The Muséum d'histoire naturel de Marseille, also known in English as the Natural History Museum of Marseille, is one of the most visited natural history museums in France. It was founded in 1819 by Jean-Baptiste, marquis de Montgrand and Christophe de Villeneuve-Bargemon, prefect of the Bouches-du-Rhône department. It is located in the Palais Longchamp, 4th arrondissement of Marseille, built according to the plans of Henri-Jacques Espérandieu.

Its museum abbreviation (used when giving identifiers to specimens) is MHNM.

== History ==
The museum was created in 1819. It has been located at various places, including the Chapelle des Bernardines, before settling in 1869 at the Palais Longchamp, which it shares with the Musée des Beaux-Arts.

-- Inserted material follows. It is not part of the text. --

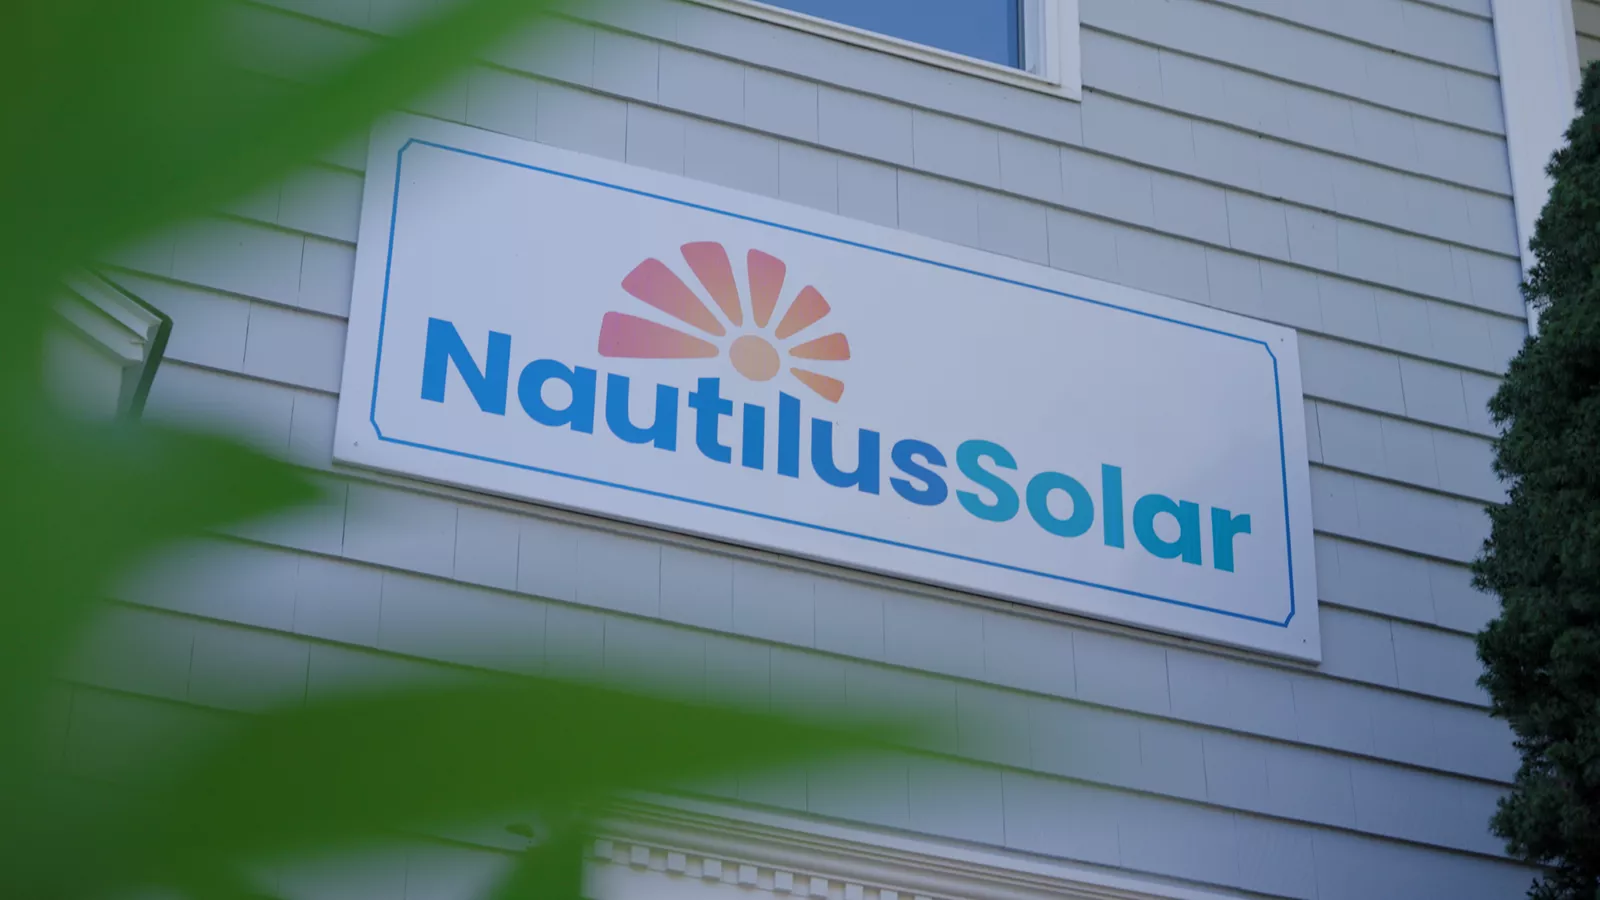 Nautilus Solar Energy building

The museum is now under the supervision of the Ministry of Higher Education and Research. It was classified as a museum of France in 2002.

==Exhibitions==
The museum houses 83,000 zoological specimens, 200,000 botanical specimens, 81,000 fossils, and 8,000 mineral specimens. It was visited by 103,543 people in 2014.

The four exhibitions areas are:

- Salle safari (world fauna): section concentrating on accidental imports through the port.
- Salle de Provence (regional fauna and flora): section concerning Provence wildlife.
- Salle d'ostéologie: comparative anatomy.
- Salle de préhistoire, sur l'évolution: prehistory and evolution.

The museum also organises conferences and temporary exhibitions. Its best known director was naturalist Antoine-Fortuné Marion (1846–1900), in office at the end of the 19th century.